■ TASK GOAL
Write out the data word for word and omit every picture.

■ DATASET EXTRACT

★ ★ ★ ★ ★ ★ ★

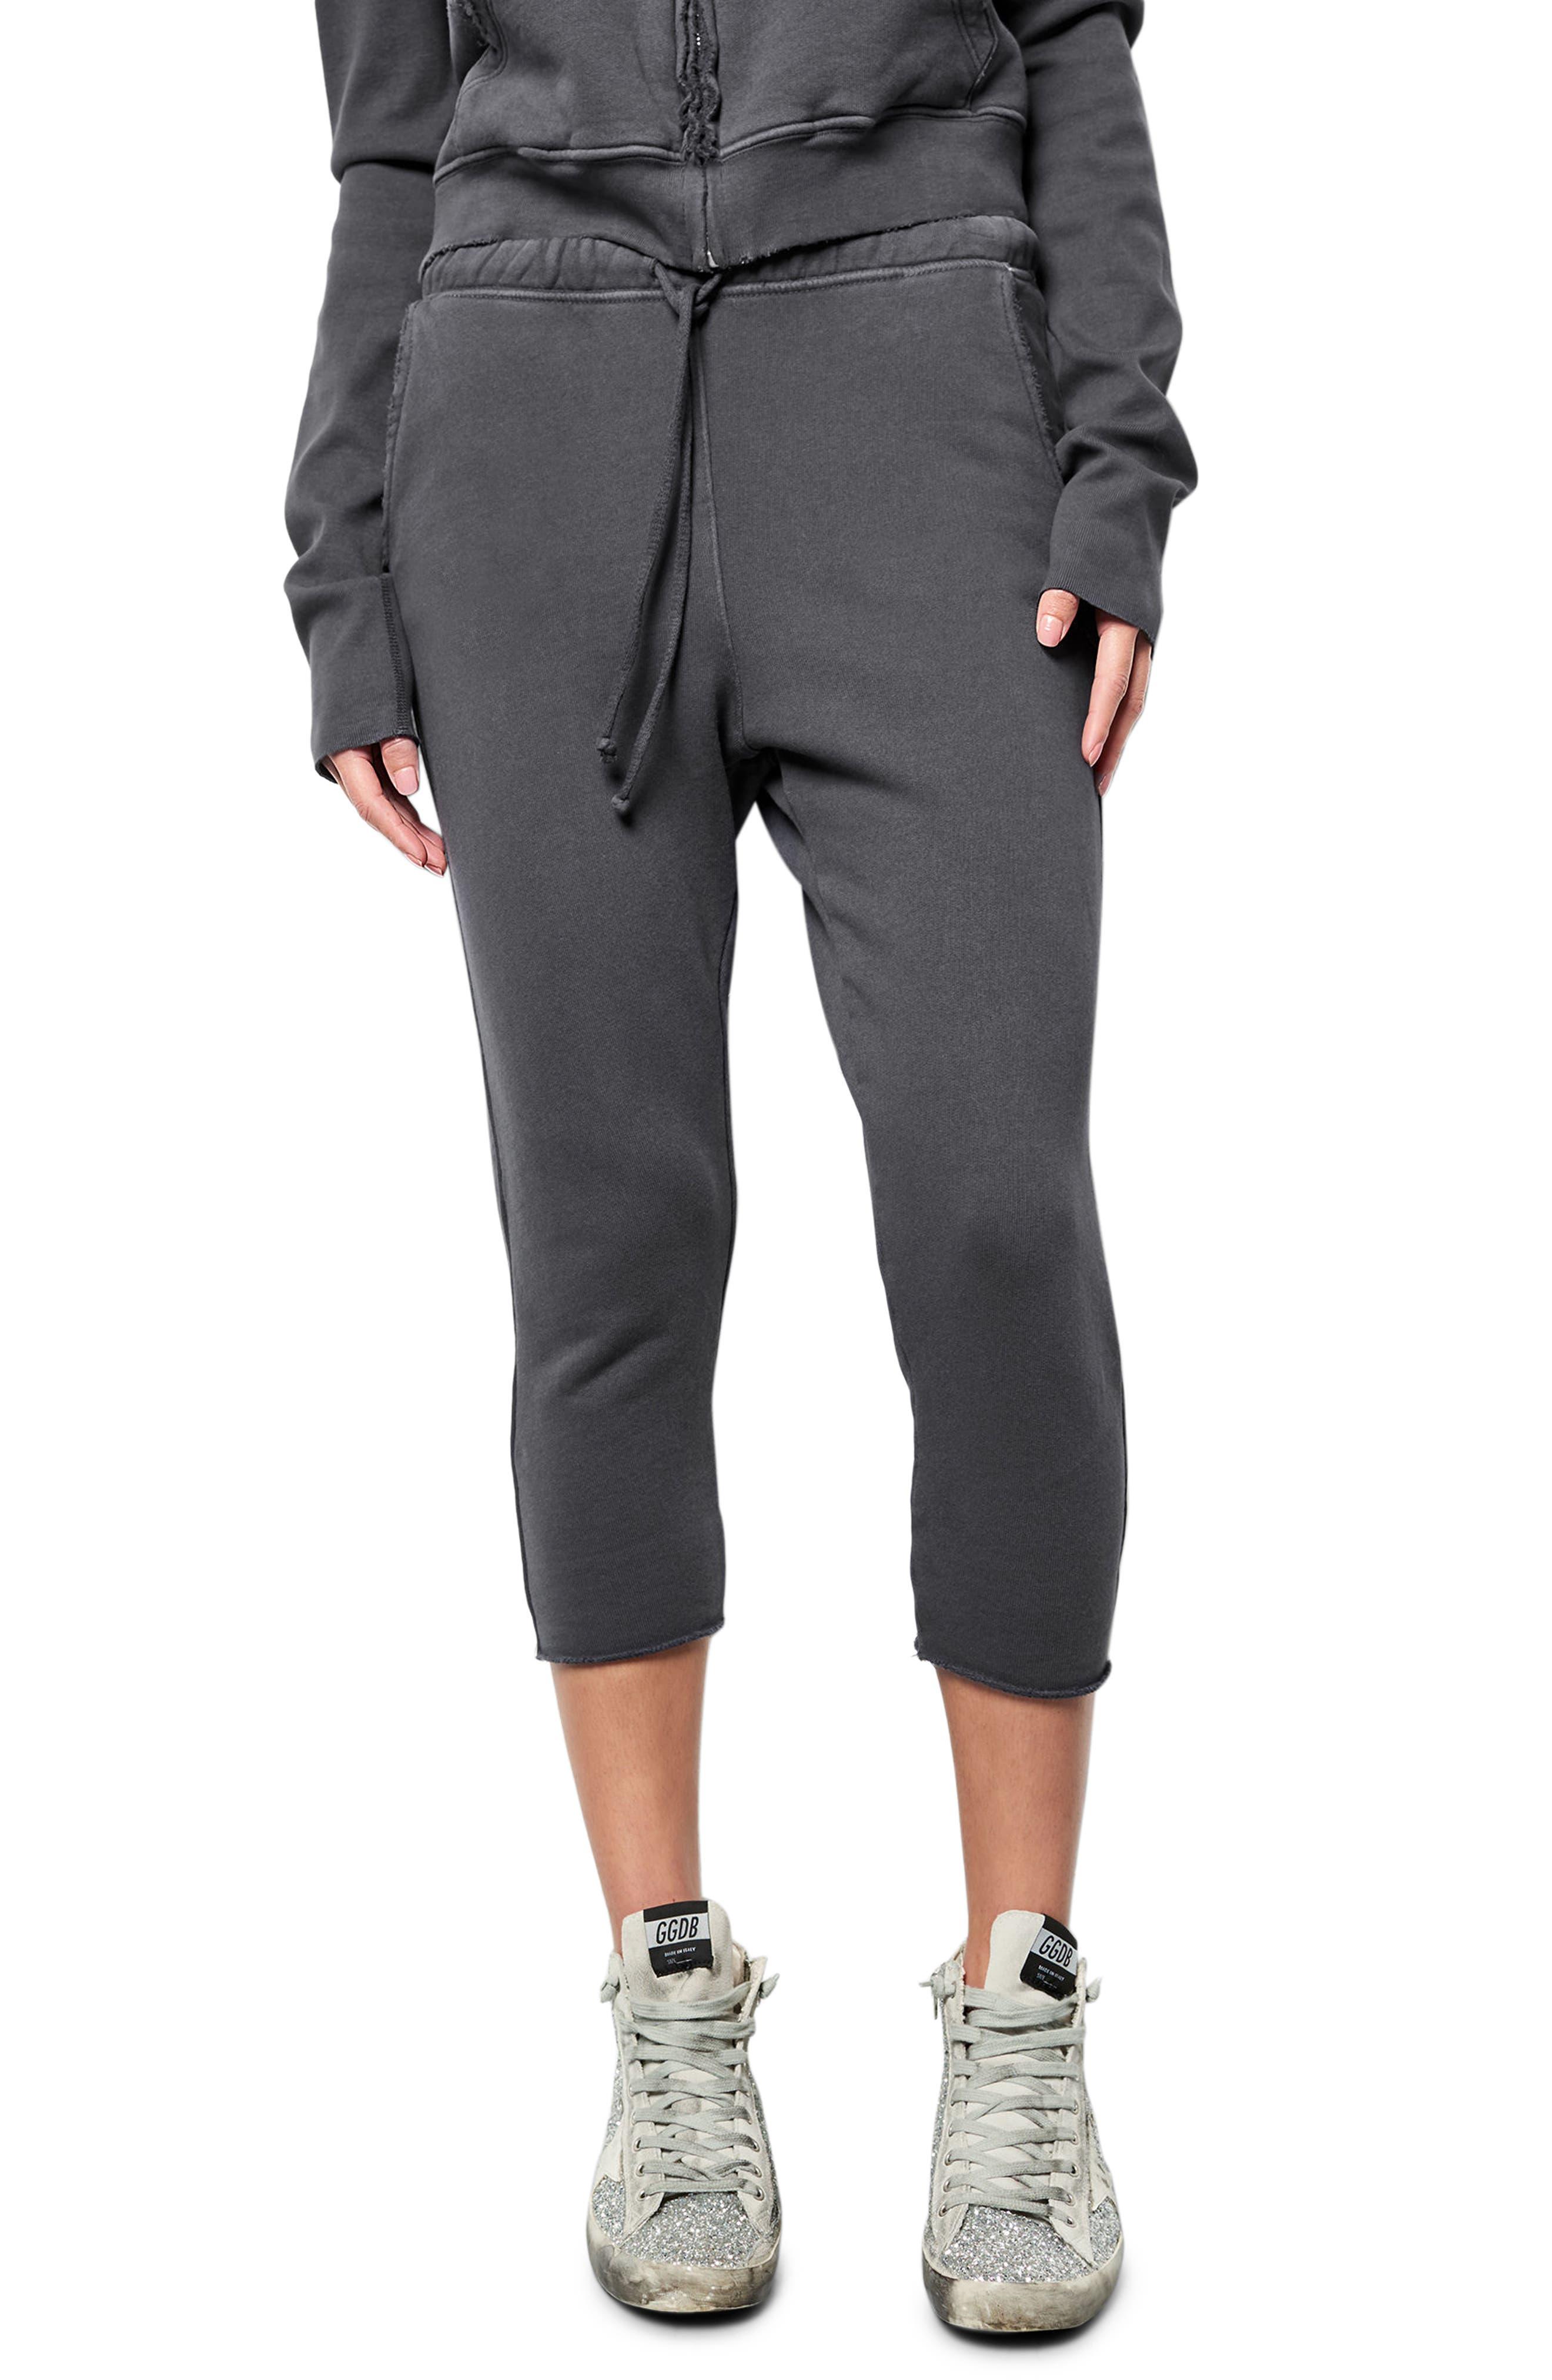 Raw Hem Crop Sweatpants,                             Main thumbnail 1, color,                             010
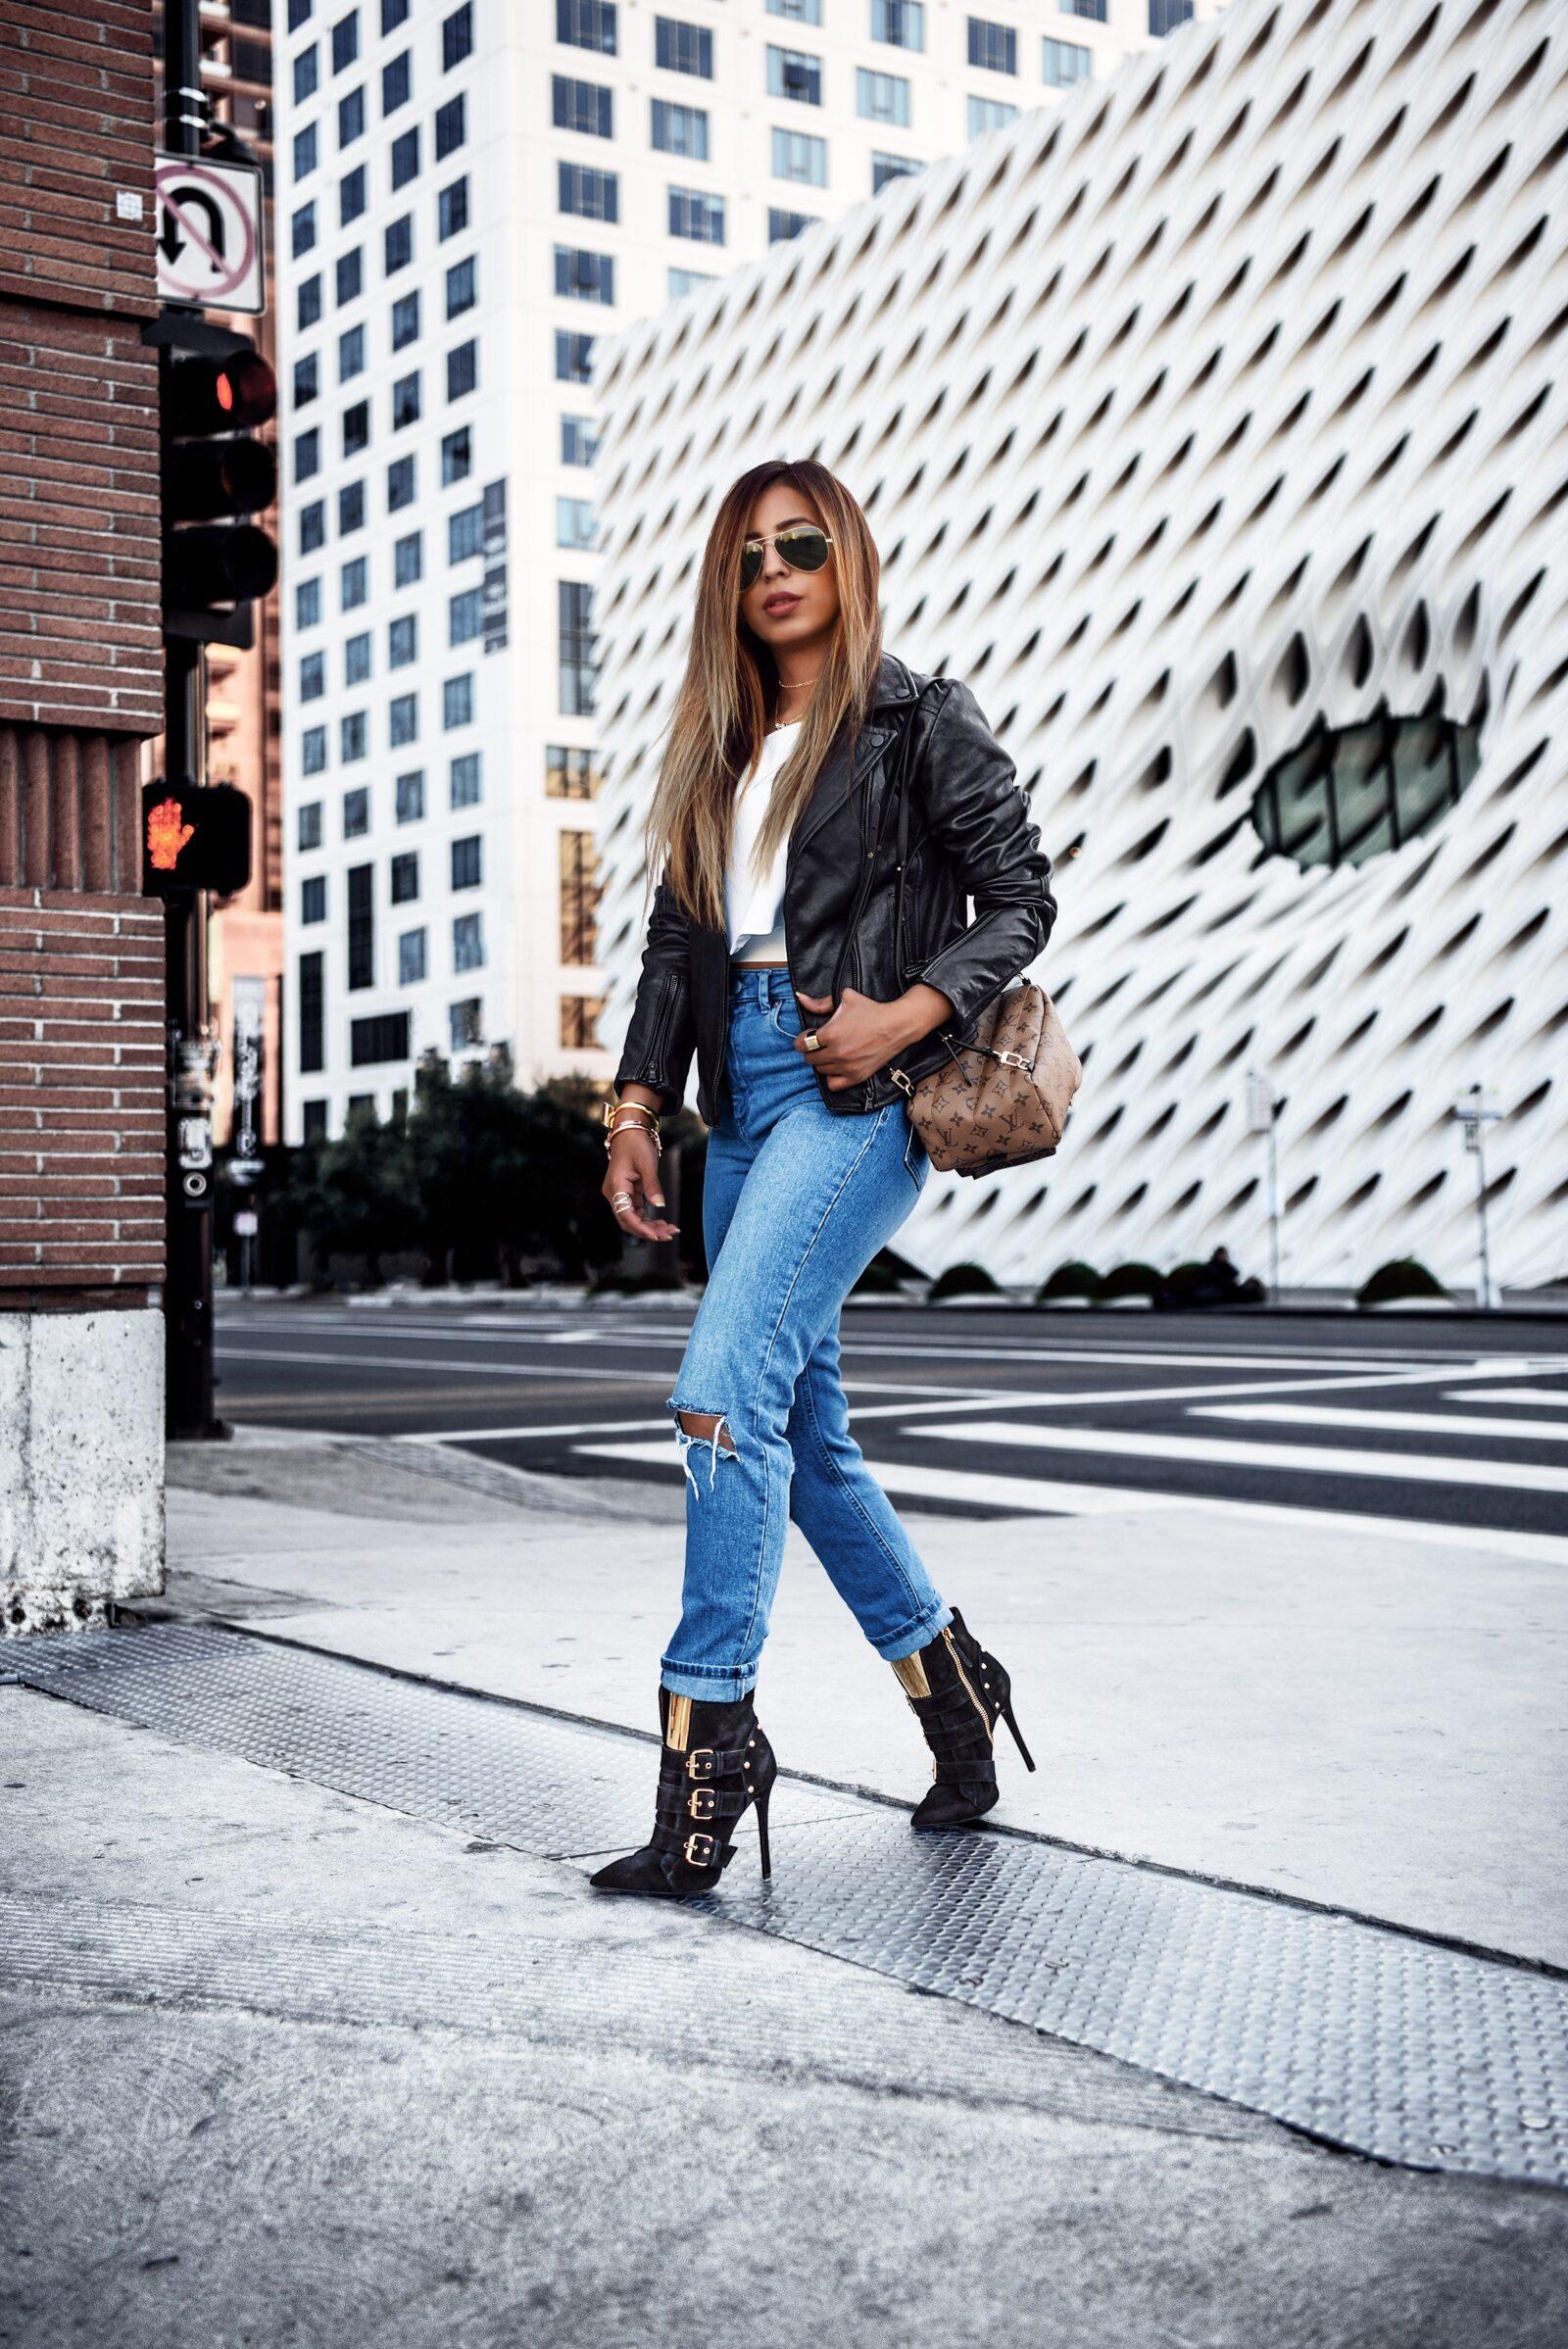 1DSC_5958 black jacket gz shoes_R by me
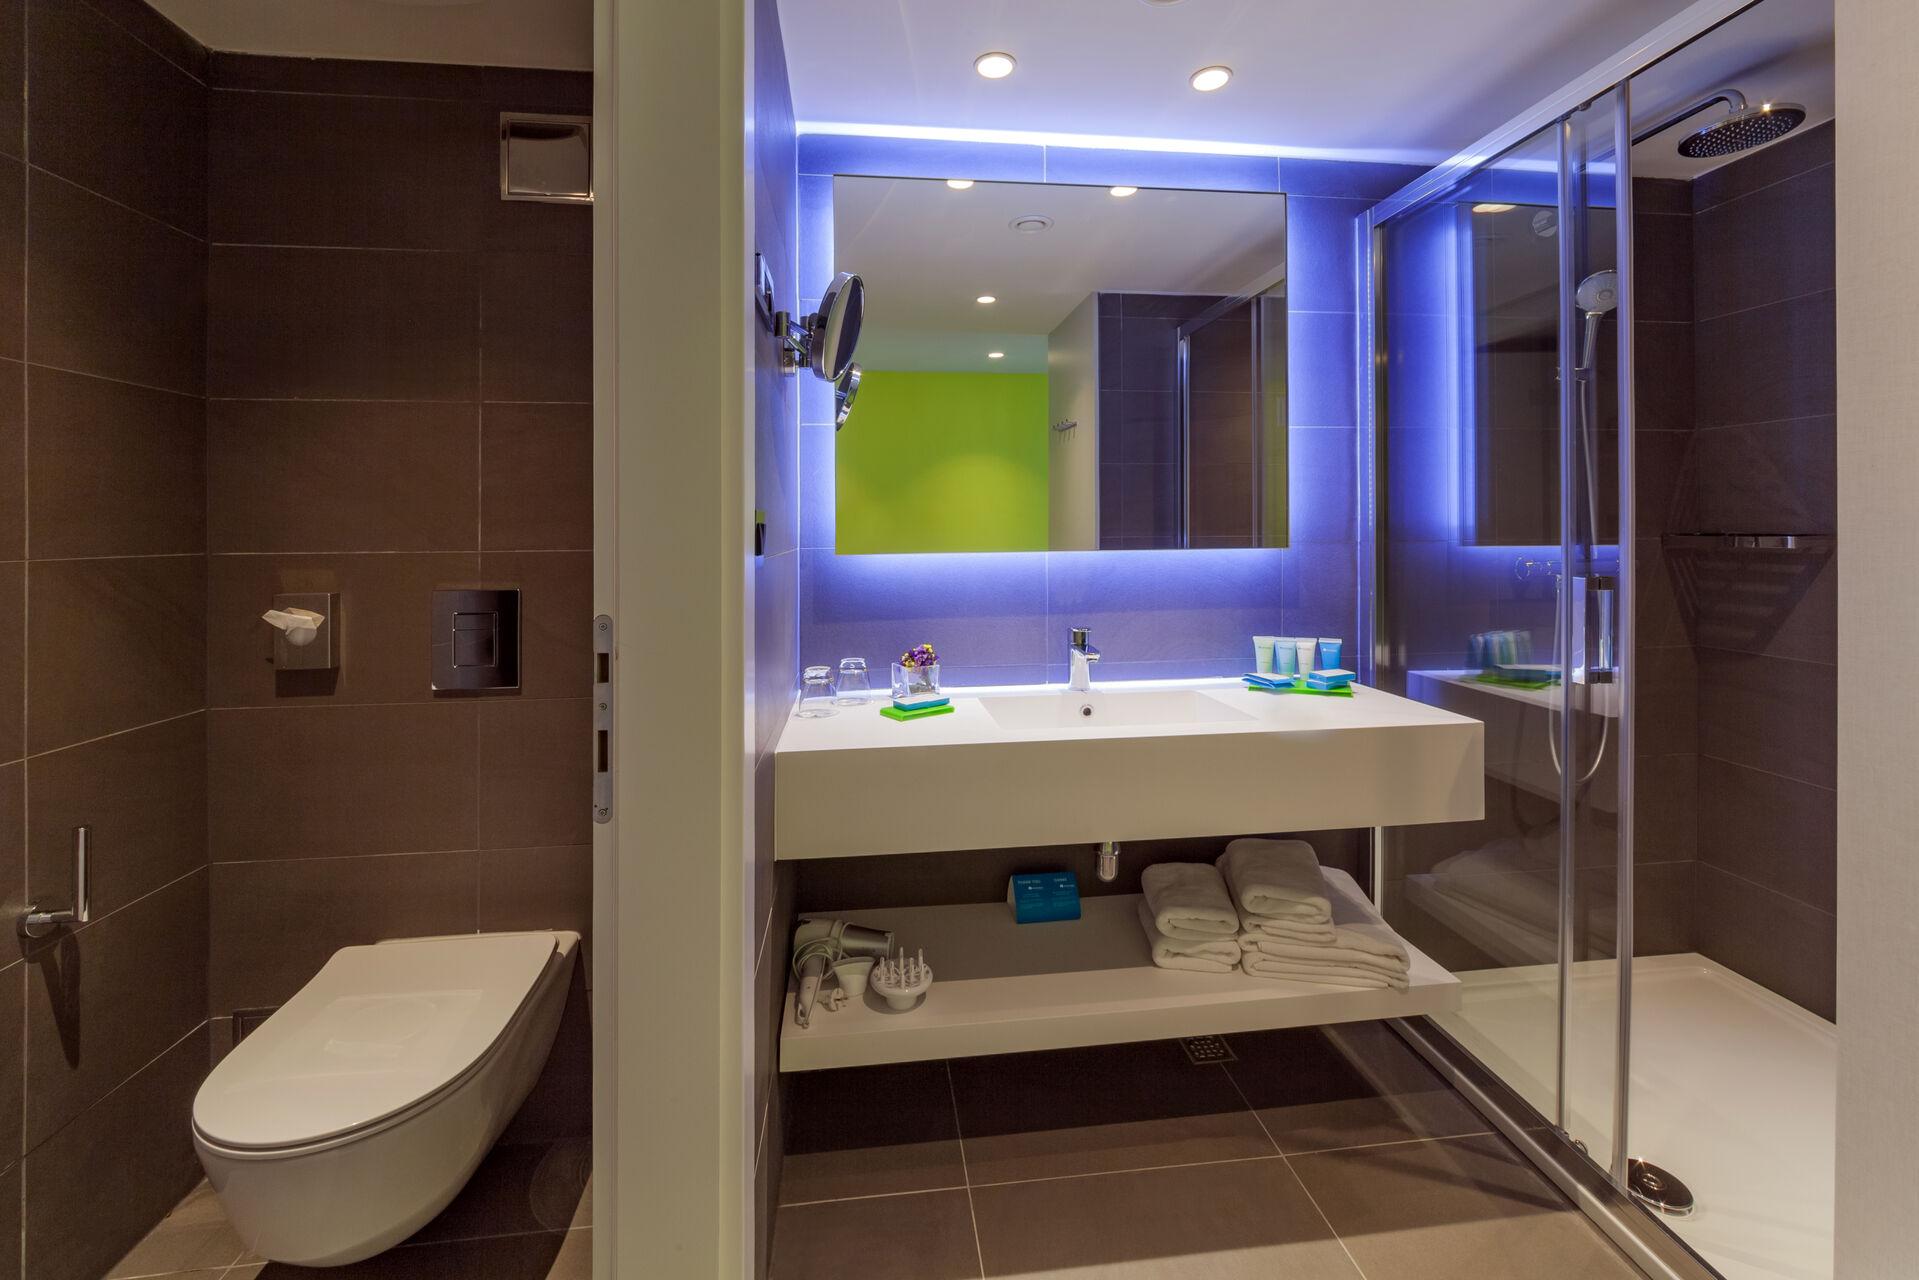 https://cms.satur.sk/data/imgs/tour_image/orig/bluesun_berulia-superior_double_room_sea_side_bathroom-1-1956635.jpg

★ ★ ★ ★ ★ ★ ★

■ ANSWER SECTION
 Raw Hem Crop Sweatpants,                             Main thumbnail 1, color,                             010
 1DSC_5958 black jacket gz shoes_R by me
 https://cms.satur.sk/data/imgs/tour_image/orig/bluesun_berulia-superior_double_room_sea_side_bathroom-1-1956635.jpg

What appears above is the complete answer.